PROBLEM DETAILS: Given the material below, return only the lines starting at the line with "Sophia Bush, Julianne" and ending at the line with "Барбаков Н.Т. на Кубе. Фото 1.", exactly as they appear.

INPUT:
'''

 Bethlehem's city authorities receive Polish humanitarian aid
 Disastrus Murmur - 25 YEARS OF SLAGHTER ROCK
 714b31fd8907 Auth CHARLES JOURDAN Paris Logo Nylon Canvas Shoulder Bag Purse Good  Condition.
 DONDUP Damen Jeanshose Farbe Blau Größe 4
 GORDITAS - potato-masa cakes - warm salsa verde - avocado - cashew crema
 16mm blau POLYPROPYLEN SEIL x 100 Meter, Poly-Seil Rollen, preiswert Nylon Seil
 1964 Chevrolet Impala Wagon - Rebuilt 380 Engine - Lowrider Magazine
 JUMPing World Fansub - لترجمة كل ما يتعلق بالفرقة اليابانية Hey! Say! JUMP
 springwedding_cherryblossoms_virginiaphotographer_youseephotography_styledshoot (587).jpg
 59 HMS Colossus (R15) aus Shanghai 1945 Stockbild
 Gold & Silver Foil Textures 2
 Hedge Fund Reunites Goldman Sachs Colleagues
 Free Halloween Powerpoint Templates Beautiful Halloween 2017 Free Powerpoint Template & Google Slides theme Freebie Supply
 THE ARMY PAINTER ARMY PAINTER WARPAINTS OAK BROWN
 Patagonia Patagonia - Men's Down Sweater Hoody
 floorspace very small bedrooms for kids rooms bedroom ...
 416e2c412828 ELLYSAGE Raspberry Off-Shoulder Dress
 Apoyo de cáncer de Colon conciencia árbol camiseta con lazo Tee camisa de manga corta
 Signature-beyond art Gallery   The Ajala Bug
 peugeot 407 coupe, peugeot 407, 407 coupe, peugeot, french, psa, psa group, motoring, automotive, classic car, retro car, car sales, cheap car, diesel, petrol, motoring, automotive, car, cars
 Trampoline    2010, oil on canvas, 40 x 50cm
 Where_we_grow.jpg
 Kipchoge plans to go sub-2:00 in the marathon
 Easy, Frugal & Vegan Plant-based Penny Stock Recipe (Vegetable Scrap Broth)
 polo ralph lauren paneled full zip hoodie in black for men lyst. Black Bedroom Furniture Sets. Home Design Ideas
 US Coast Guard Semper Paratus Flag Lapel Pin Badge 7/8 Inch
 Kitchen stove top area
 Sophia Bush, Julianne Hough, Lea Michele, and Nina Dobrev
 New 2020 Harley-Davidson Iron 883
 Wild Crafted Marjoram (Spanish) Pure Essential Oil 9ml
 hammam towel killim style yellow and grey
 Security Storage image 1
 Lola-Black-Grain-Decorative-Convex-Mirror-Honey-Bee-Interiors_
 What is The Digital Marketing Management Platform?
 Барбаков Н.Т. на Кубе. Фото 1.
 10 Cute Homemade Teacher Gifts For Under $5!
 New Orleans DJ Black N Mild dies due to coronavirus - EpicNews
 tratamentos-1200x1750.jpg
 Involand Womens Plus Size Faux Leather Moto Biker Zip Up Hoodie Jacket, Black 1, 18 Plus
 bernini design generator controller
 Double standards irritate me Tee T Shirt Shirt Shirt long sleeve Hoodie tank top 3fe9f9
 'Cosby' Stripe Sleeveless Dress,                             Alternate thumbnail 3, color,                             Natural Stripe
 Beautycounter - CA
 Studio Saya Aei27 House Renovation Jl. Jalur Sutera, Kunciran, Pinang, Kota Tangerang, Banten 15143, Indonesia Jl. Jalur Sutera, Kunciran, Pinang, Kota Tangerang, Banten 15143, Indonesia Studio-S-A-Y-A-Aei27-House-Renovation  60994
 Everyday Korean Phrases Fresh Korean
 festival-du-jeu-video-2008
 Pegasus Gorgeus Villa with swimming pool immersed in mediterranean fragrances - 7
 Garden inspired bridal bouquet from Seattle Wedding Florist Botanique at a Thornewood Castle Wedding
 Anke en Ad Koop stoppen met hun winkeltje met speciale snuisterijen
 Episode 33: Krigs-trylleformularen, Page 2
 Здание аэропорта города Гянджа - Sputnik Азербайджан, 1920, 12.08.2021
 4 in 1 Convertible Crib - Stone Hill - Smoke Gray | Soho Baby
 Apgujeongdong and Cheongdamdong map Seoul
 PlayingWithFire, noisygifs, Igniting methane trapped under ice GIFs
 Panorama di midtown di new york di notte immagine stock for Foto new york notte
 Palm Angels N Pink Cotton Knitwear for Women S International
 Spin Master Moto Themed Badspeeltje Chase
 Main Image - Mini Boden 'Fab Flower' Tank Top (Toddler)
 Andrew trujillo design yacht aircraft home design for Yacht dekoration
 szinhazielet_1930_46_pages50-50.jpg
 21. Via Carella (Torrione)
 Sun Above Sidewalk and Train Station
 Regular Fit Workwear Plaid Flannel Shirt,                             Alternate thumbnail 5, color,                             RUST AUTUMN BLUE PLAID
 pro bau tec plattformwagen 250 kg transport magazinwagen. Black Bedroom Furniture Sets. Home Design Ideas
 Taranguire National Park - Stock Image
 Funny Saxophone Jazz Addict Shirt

'''

TASK OUTPUT:
 Sophia Bush, Julianne Hough, Lea Michele, and Nina Dobrev
 New 2020 Harley-Davidson Iron 883
 Wild Crafted Marjoram (Spanish) Pure Essential Oil 9ml
 hammam towel killim style yellow and grey
 Security Storage image 1
 Lola-Black-Grain-Decorative-Convex-Mirror-Honey-Bee-Interiors_
 What is The Digital Marketing Management Platform?
 Барбаков Н.Т. на Кубе. Фото 1.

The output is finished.